------ SUPPLIED INFORMATION ------

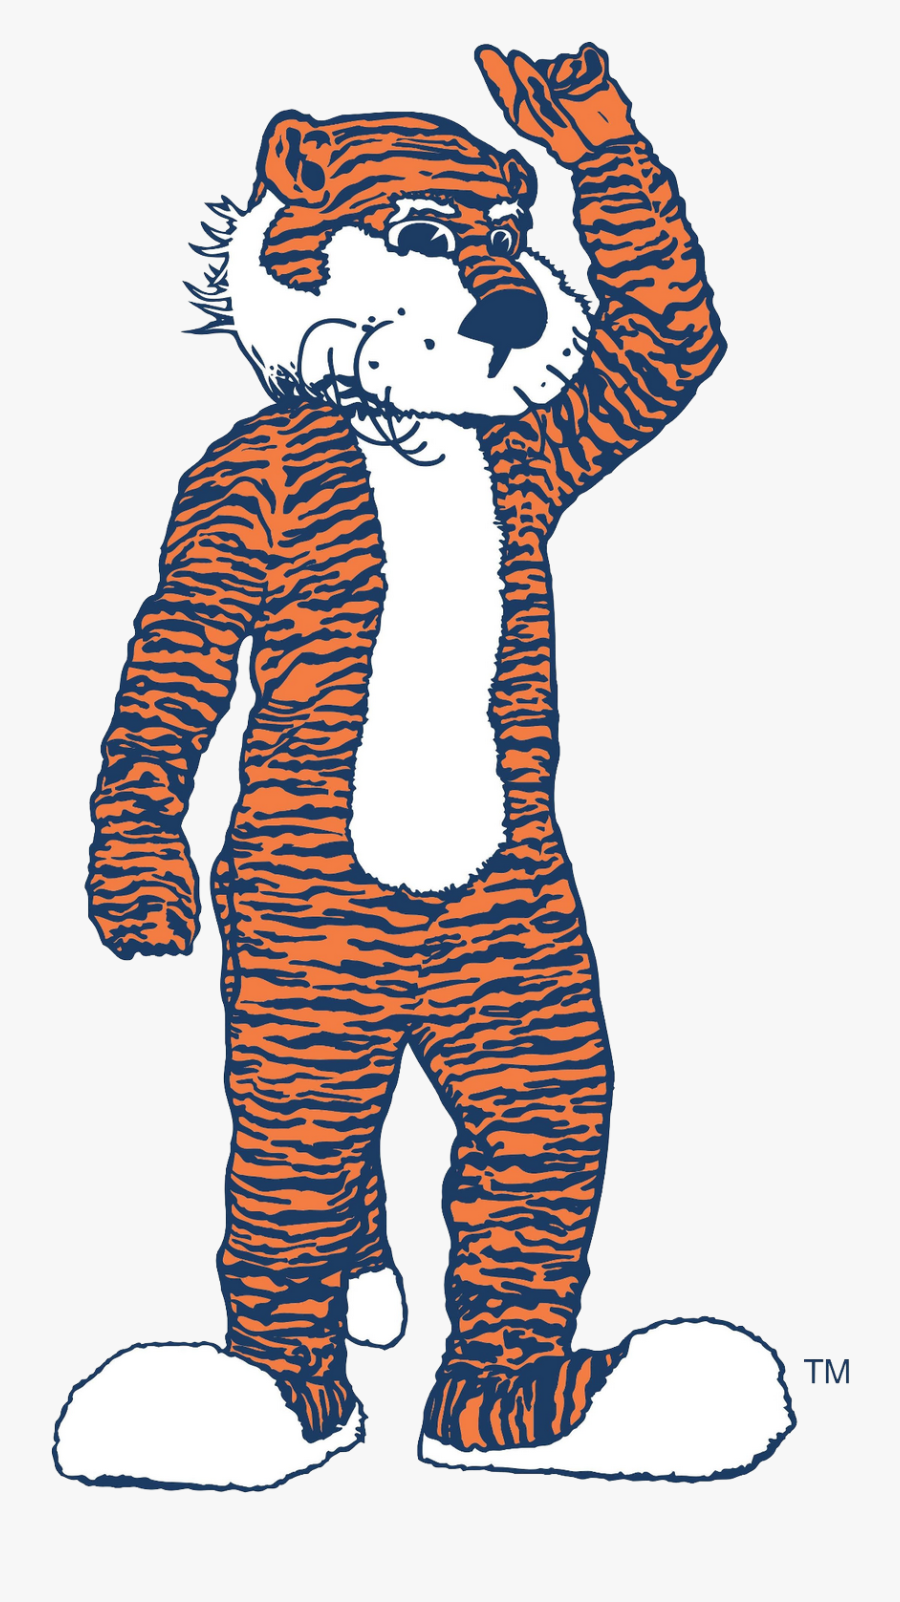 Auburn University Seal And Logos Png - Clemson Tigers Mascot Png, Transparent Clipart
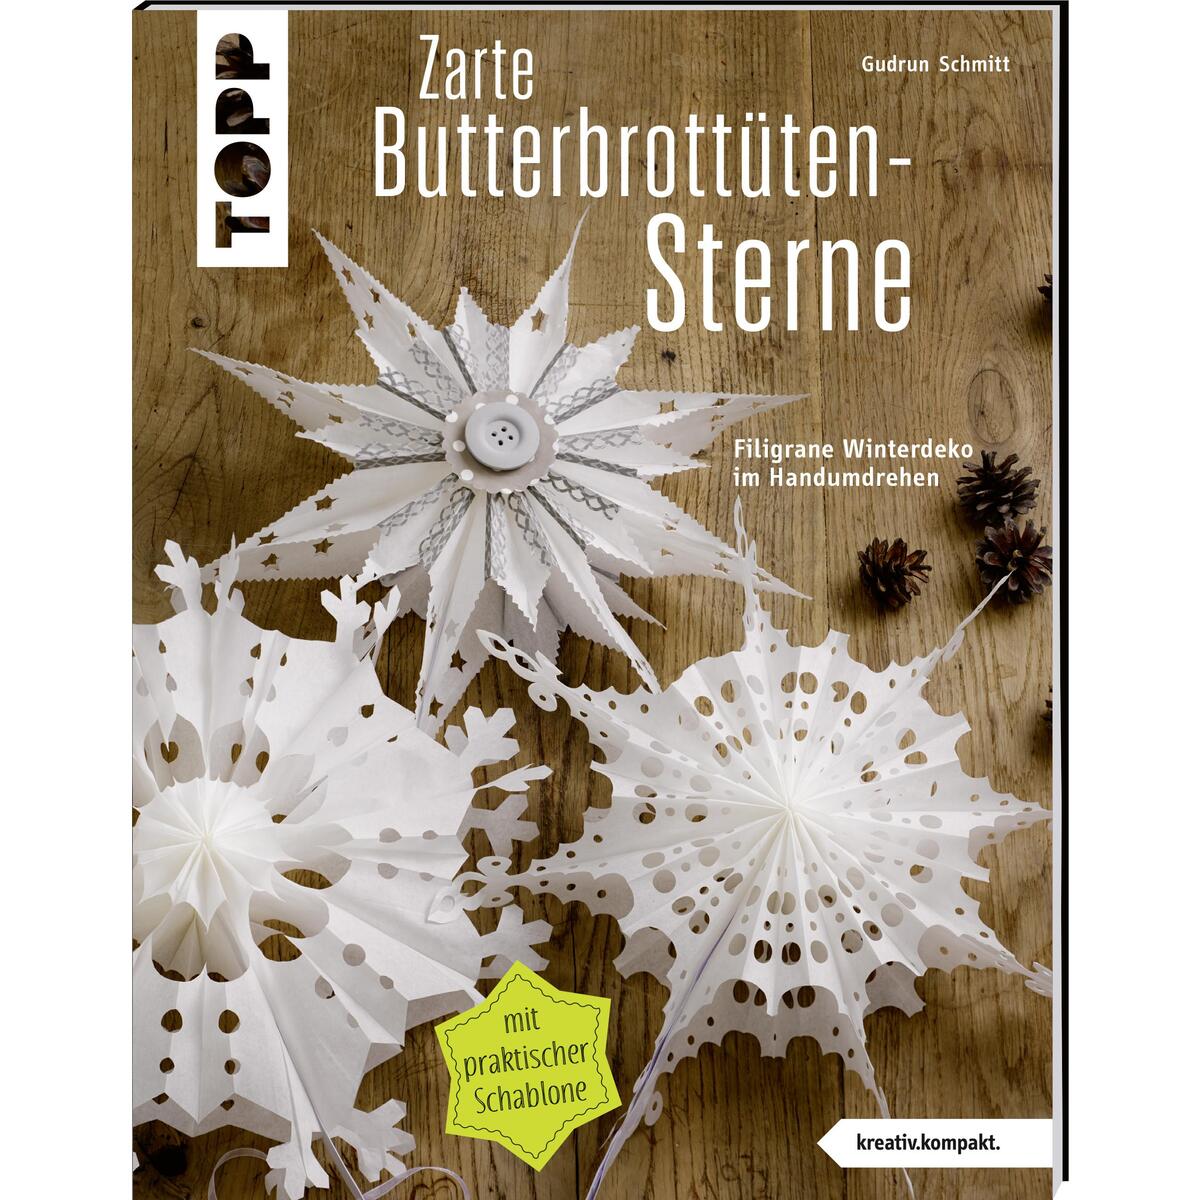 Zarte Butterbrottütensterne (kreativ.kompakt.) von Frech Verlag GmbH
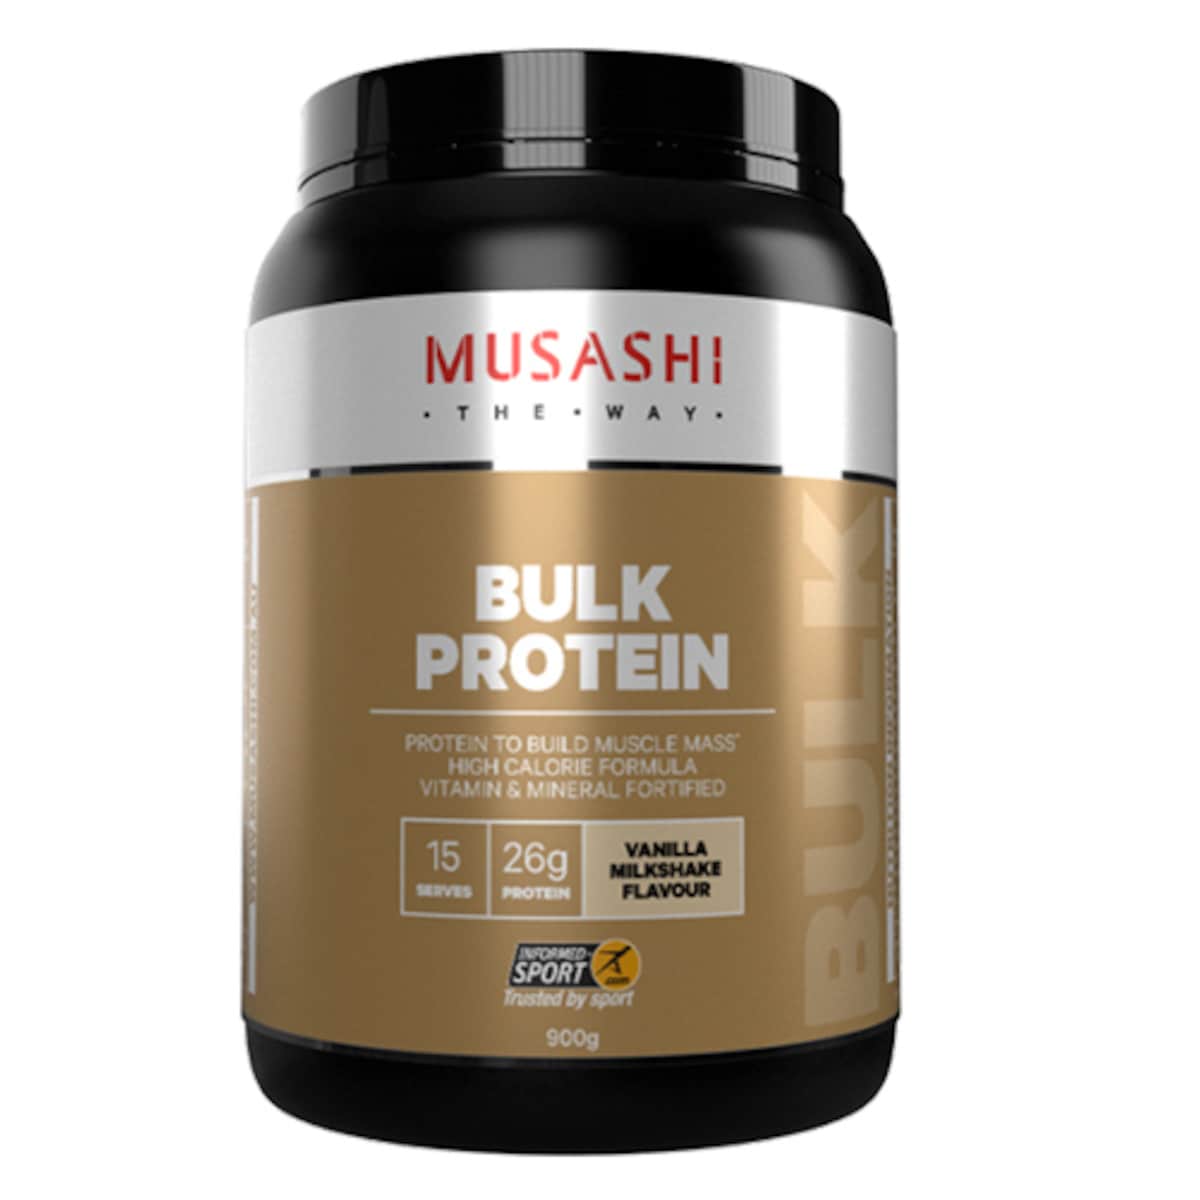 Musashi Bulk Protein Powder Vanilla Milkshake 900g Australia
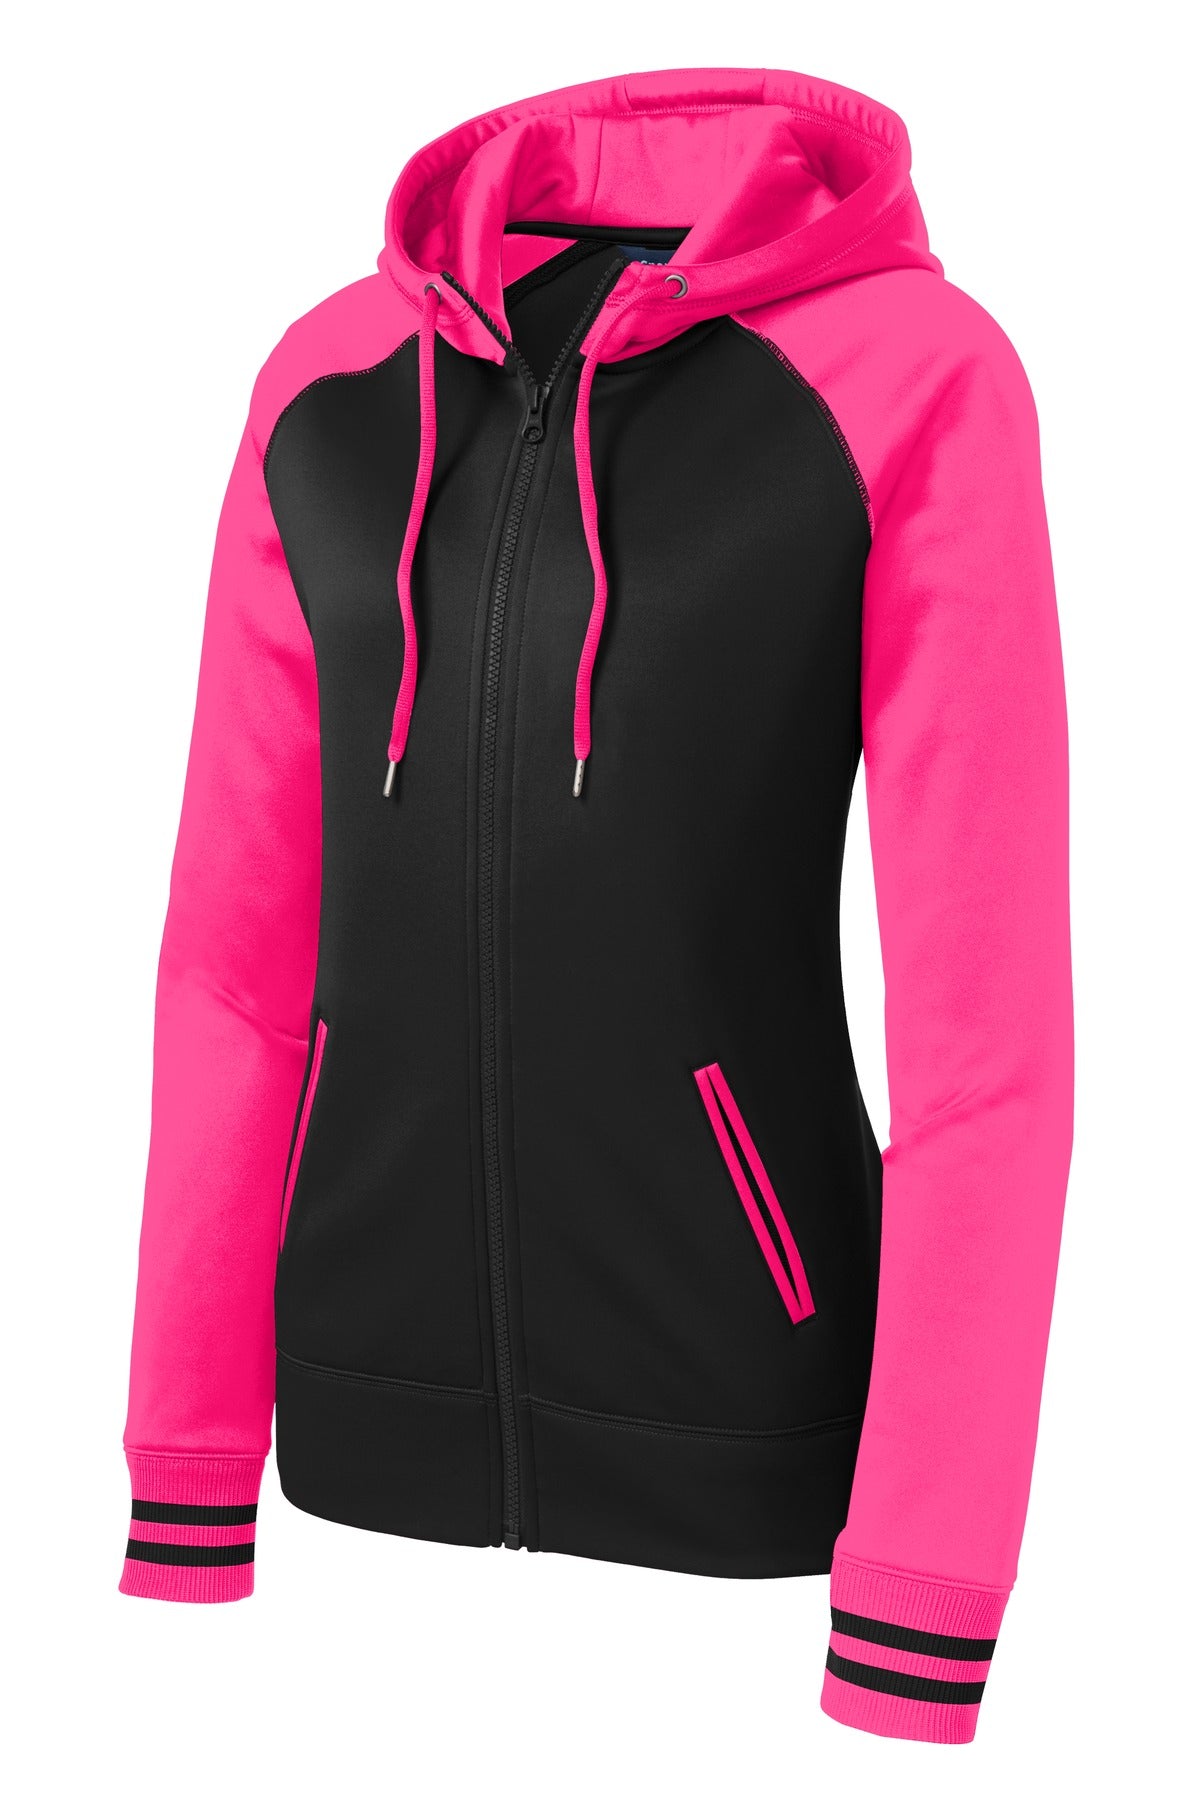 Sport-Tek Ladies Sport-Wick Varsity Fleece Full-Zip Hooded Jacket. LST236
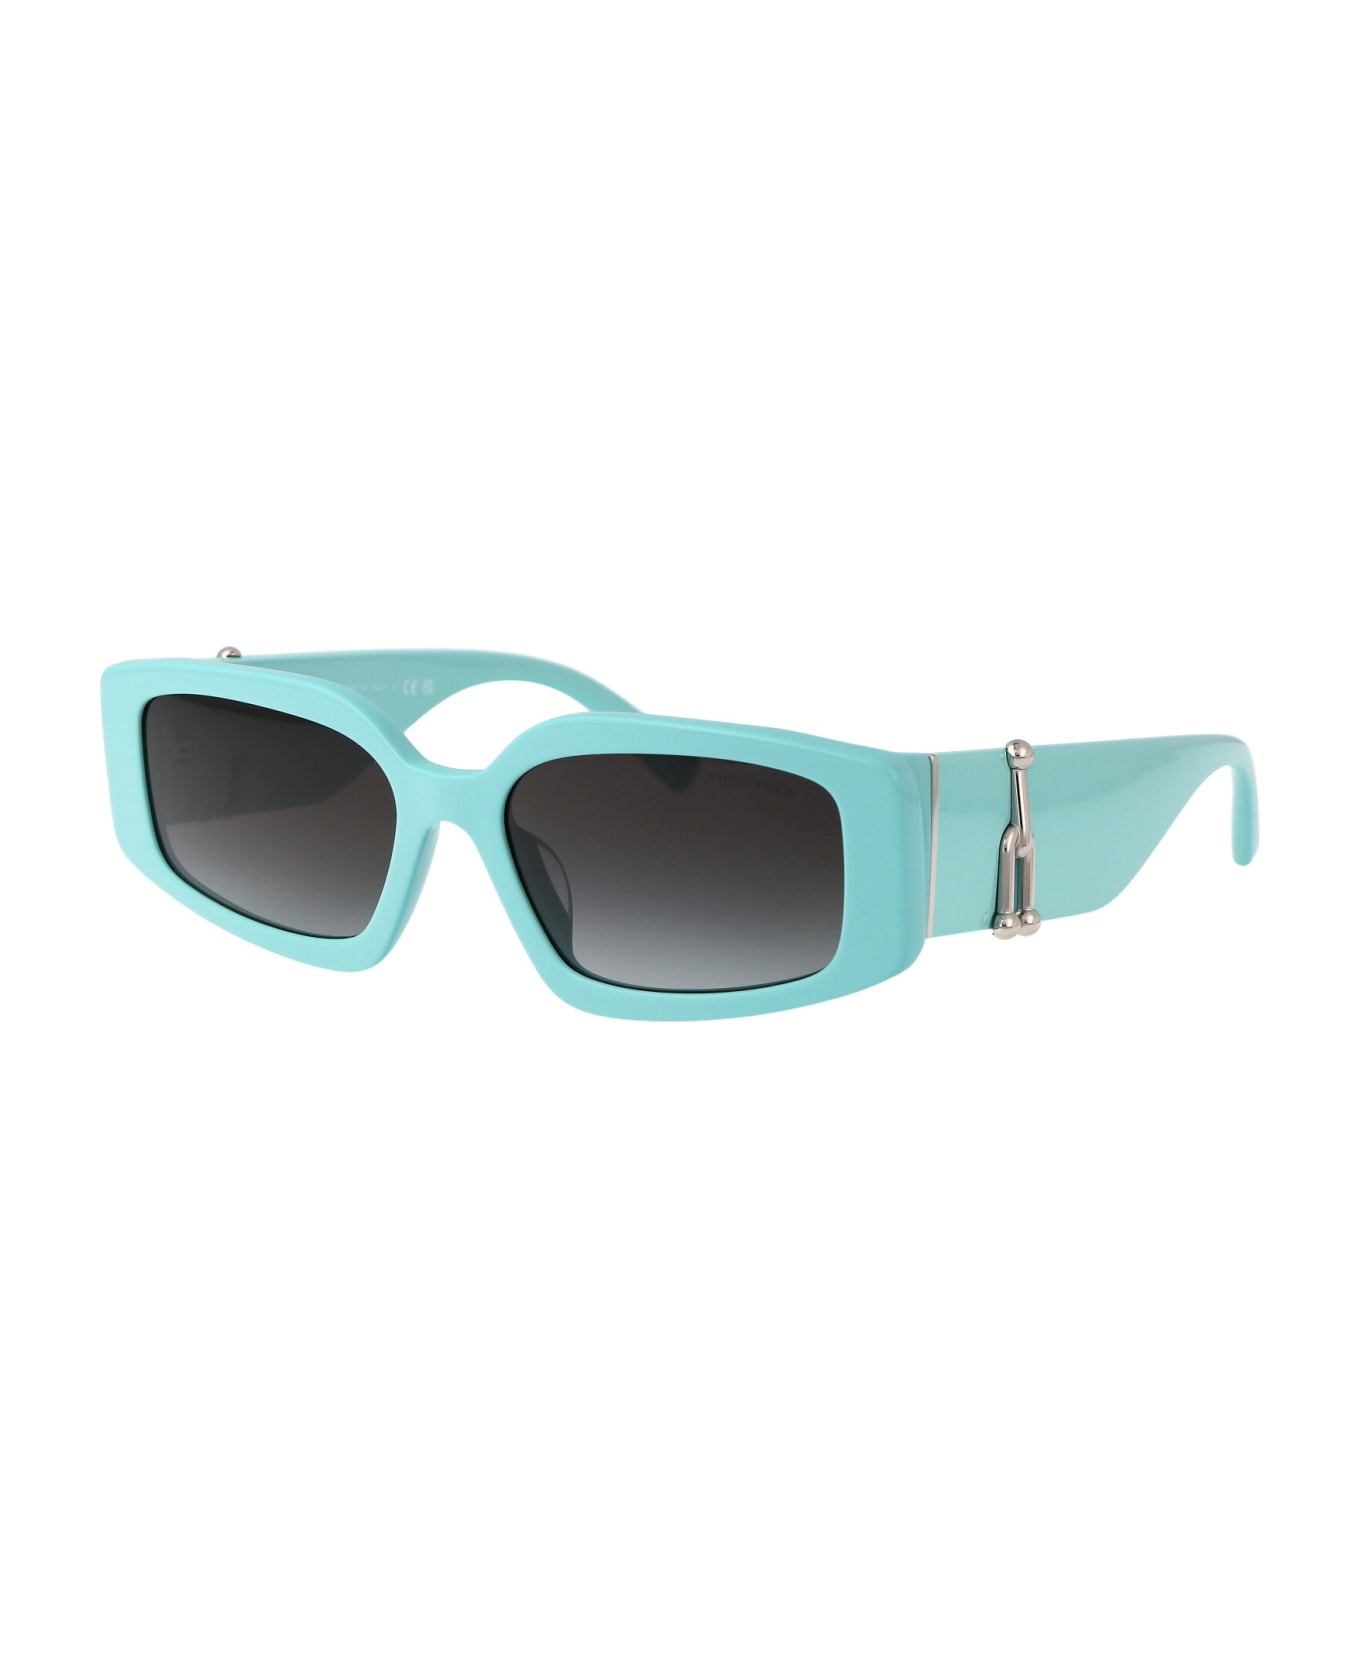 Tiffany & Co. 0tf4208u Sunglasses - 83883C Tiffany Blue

------

• ACTION ITEM:
Using the records above, extract exactly and only the lines from the one with "Sport-Tek Ladies Sport-Wick" through the final line, inclusive, leaving out pictures.

• SOLUTION TO THIS TASK:
 Sport-Tek Ladies Sport-Wick Varsity Fleece Full-Zip Hooded Jacket. LST236
 Tiffany & Co. 0tf4208u Sunglasses - 83883C Tiffany Blue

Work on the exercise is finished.